The Royal Family seem to be giving way to pressure from the people—which of course means pressure from the tabloids—to show their grief more publicly. It seems outrageous that the bereaved should be expected to come down to London publicly to collude in what is increasingly seen as a self-indulgent, almost neurotic display of emotionalism. But it would have been wise if the Queen had spoken briefly on radio and television to say that it was right that she should be with her grandchildren at this time, but that her thoughts and prayers were with
all who were grieving, and if the Duke of York and Prince Edward had returned to London at once, perhaps to meet some of those waiting to pay tribute.

Today there was a curious atmosphere in London composed of unease, expectation and grief. The carpets of flowers are growing before Kensington Palace, St. James’s and Buckingham Palace, and people are already settling down to spend the night on the funeral route. There was a spell of heavy rain in the afternoon, but a clear night.

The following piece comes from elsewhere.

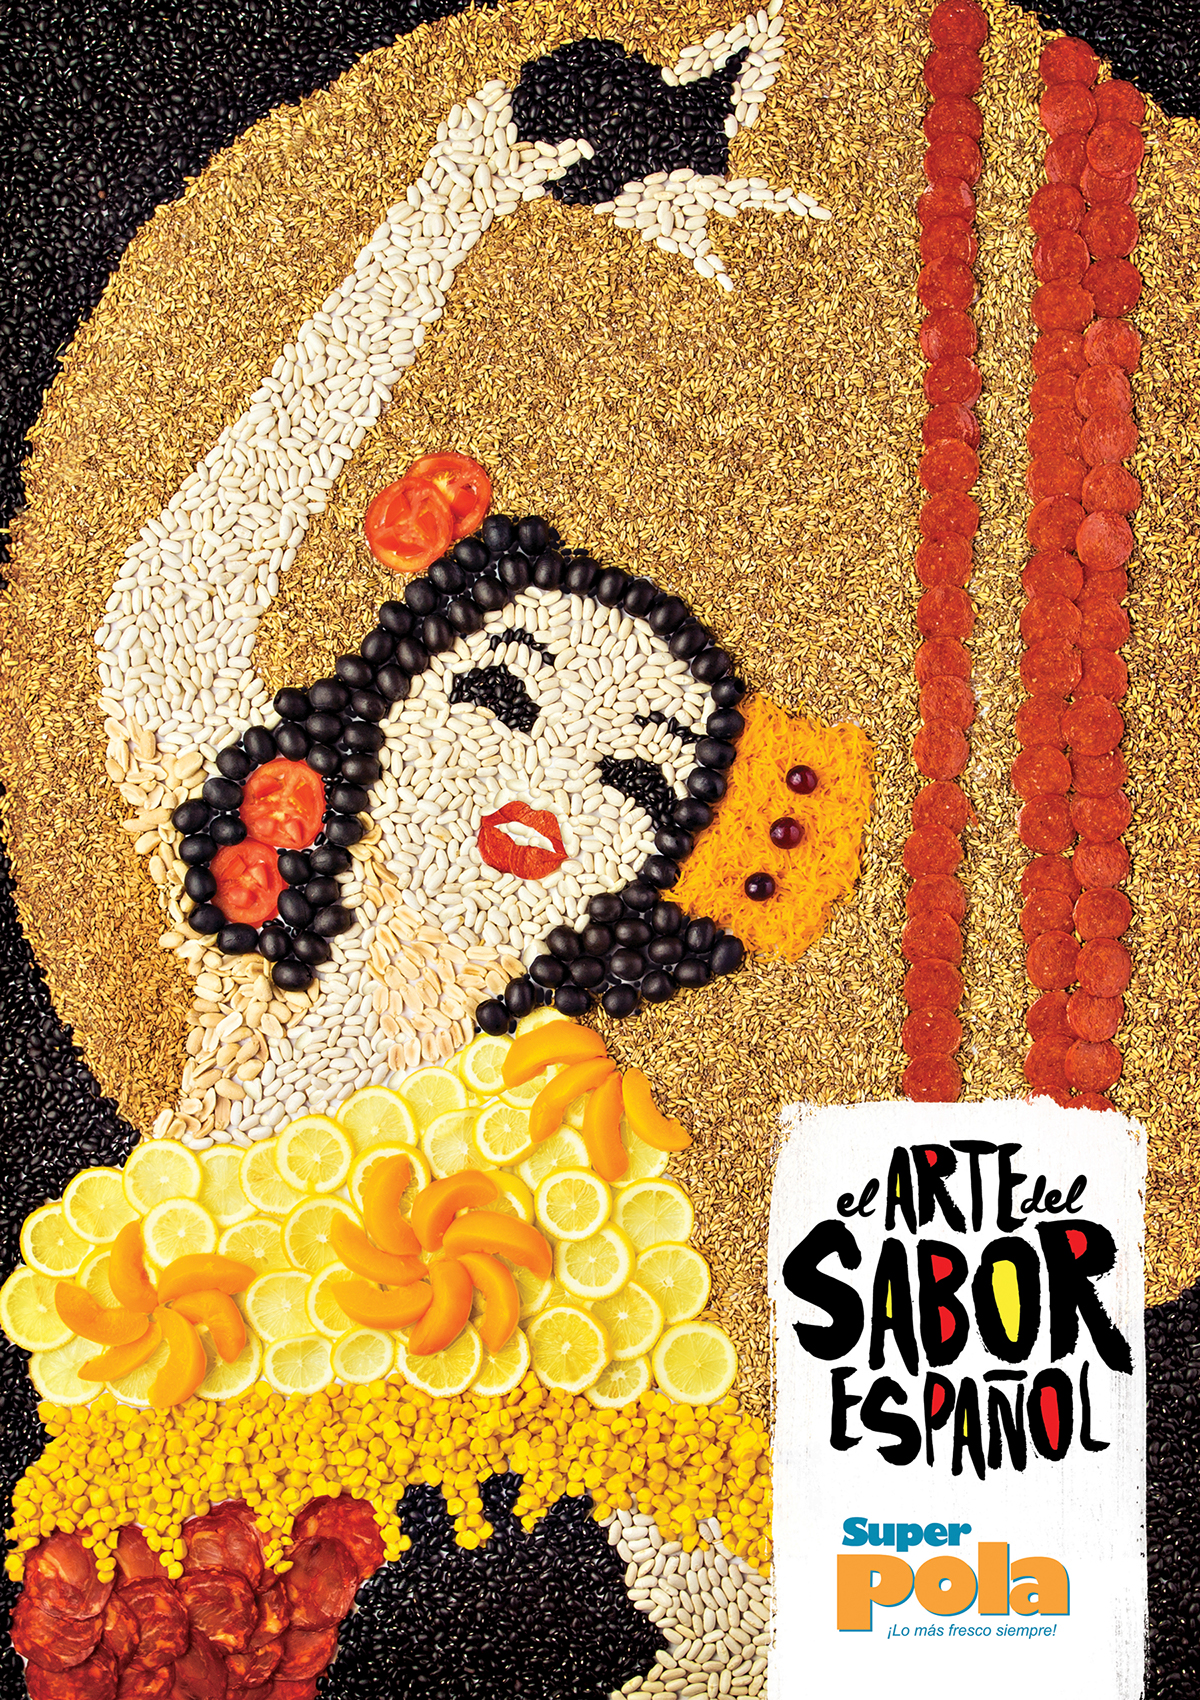 spain Super Pola Supermarket BBDO Spain Festival flavor gastronomic festival Dominican republic culture Picasso Flamenco

In the evening I had supper with Harriet Harvey-Wood, now retired as Director of the Literature Department of the British Council, and her mother. Harriet had shopped in Kensington High Street and said that it was virtually impossible to get out of the Tube trains because of the pressure of people on the Underground platform—all carrying flowers. Mrs. Harvey-Wood, now over ninety, found the public emotionalism particularly distressing. Her generation, which has survived two world wars, is stoical in grief and mourns in private. And for what exactly are people mourning? I suspect for themselves.